KR102213831B1 - Battery protection system and method for energy storage device using ems - Google Patents

Abstract

According to the present invention, a battery protection method of an energy storage device using an EMS includes the following steps of: (a) collecting, by a main device, information about an energy storage device comprising a BMS including a battery and a PMS including a PCS; (b) operating, by the main device, battery protection logic with condition information of the energy storage device collected in the step (a); and (c) transmitting, by the main device, a fulfilment result of the battery protection logic operated in the step (b) to a manager terminal of the corresponding main device to report the same to a manager and stop the PCS. Therefore, in accordance with protection logic, when a difference of no less than a predetermined voltage occurs between battery racks, the PCS is stopped and the manager of the management system is led to be aware of the corresponding situation, thereby reducing the probability of malfunction occurrence caused by unbalancing between battery cells and enabling stable ESS management.

Description

Battery protection system and protection method for energy storage devices by EMS {BATTERY PROTECTION SYSTEM AND METHOD FOR ENERGY STORAGE DEVICE USING EMS}

The present invention relates to a battery protection system and a protection method of an energy storage device by EMS, and more particularly, an operating system capable of monitoring both battery status information and power converter system (PCS) status information (EMS: Energy Management System), and the state of the battery and PCS (POWER CONVERTER SYSTEM) through the BMS (BATTERY MANAGEMENT SYSTEM) and PMS (POWER CONVERTER SYSTEM). Unbalancing between battery cells by measuring information and stopping PCS (POWER CONVERTER SYSTEM) when there is a difference of more than a certain voltage between battery racks according to the battery protection logic and notifying the operator of the operating system. It relates to a battery protection system and a protection method for energy storage devices by EMS that can help reduce the probability of occurrence of failure due to the problem and help in stable ESS operation.

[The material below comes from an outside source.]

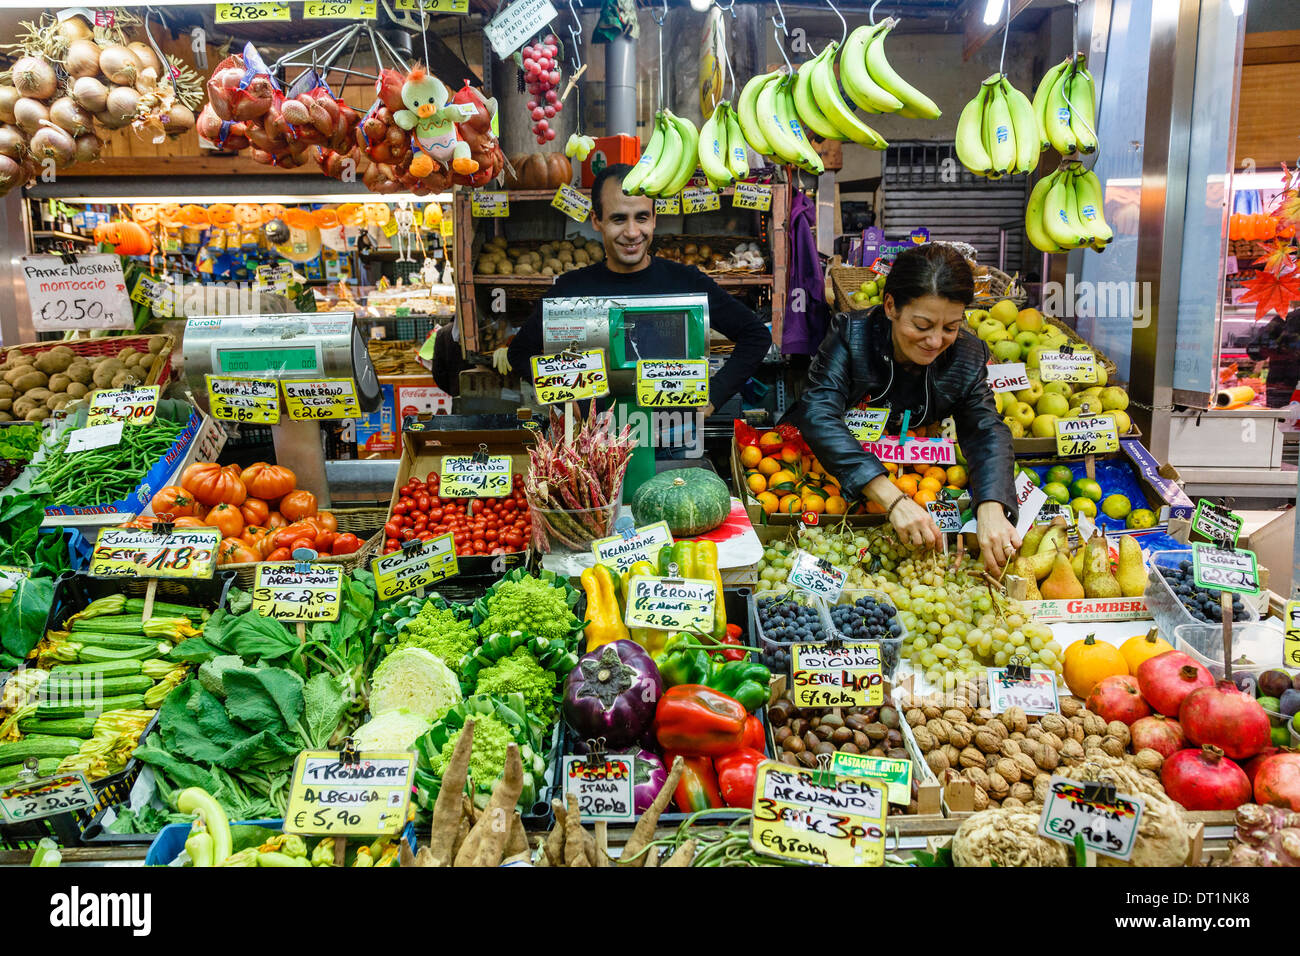 Mercato Orientale (Eastern Market), Genoa, Liguria, Italy, Europe - Stock Image
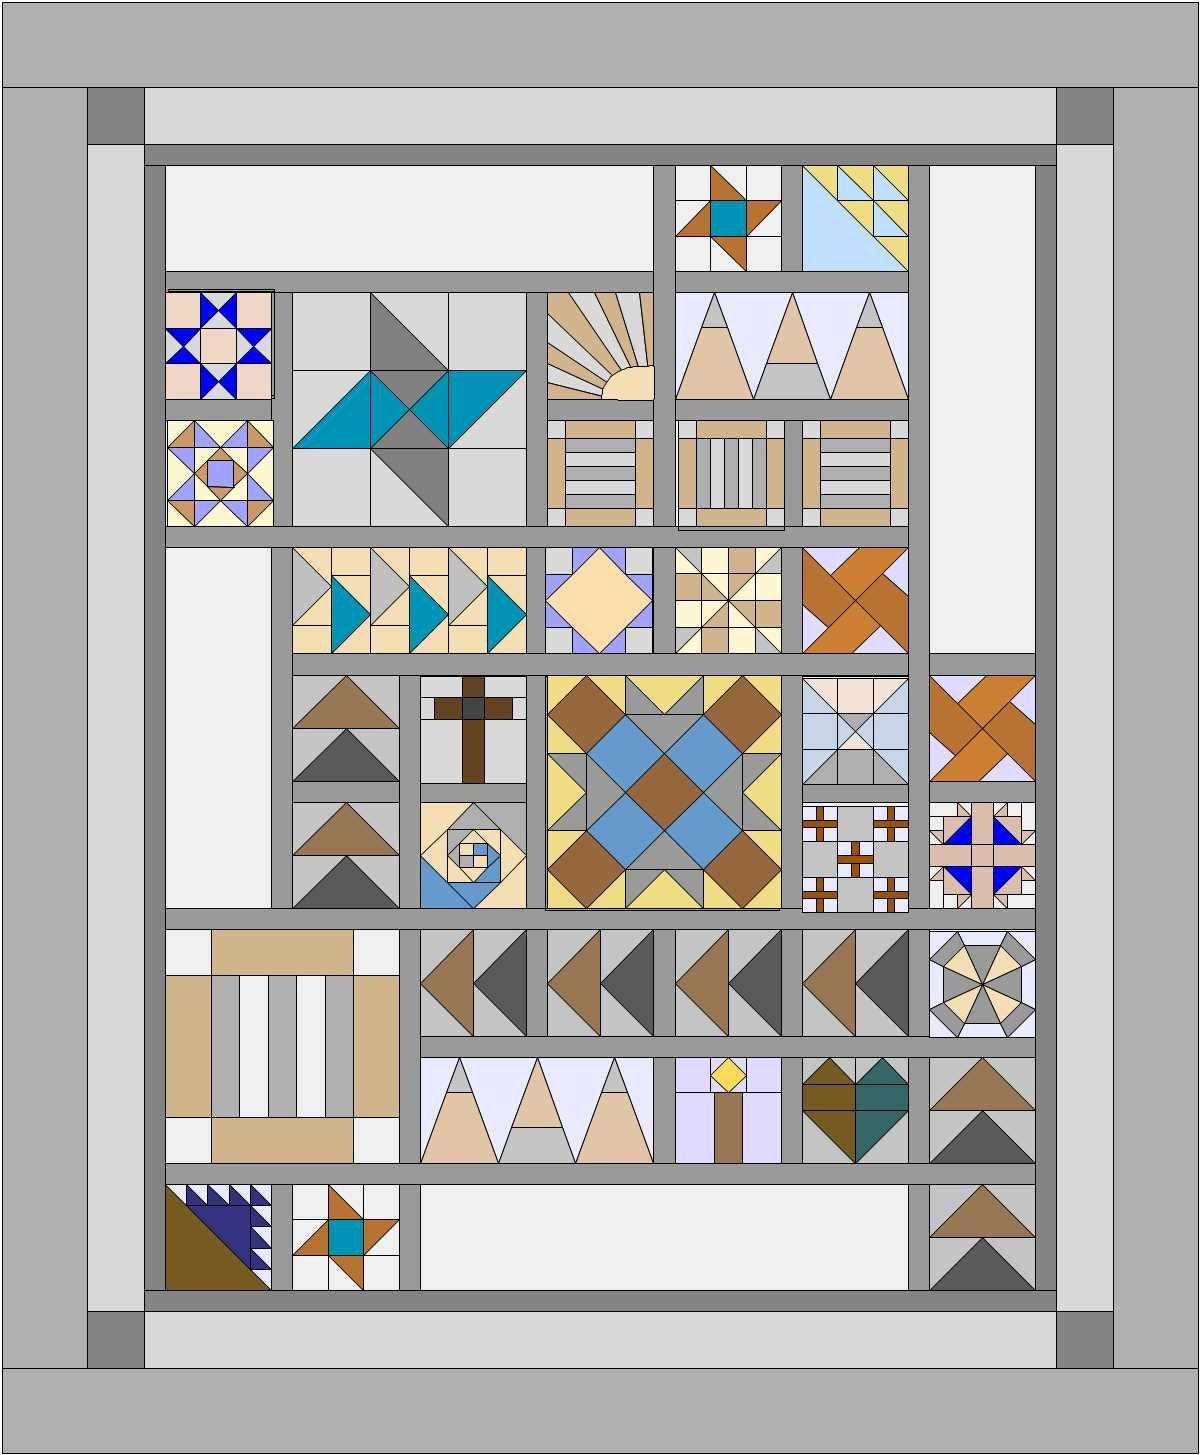 Songs of Faith Wholesale Reproducible Pattern Series - copy

The battery constituting the ESS (ENERGY STORAGE SYSTEM) is physically connected to the PCS and plays a role of converting the characteristics of electricity (AC/DC, frequency, voltage). However, since the PCS cannot know the status information of the battery cells, it cannot perform a protection operation for a failure situation caused by a voltage difference between battery cells while the ESS is operating.

Actually, the voltage difference between the battery cells causes a voltage difference in the battery rack, and if this difference is large, the battery protection fuse is blown or the battery is broken due to the phenomenon that the current is drawn to one side when pressurized. have.

Republic of Korea Patent Publication No. 10-2018-0085453 (July 27, 2018)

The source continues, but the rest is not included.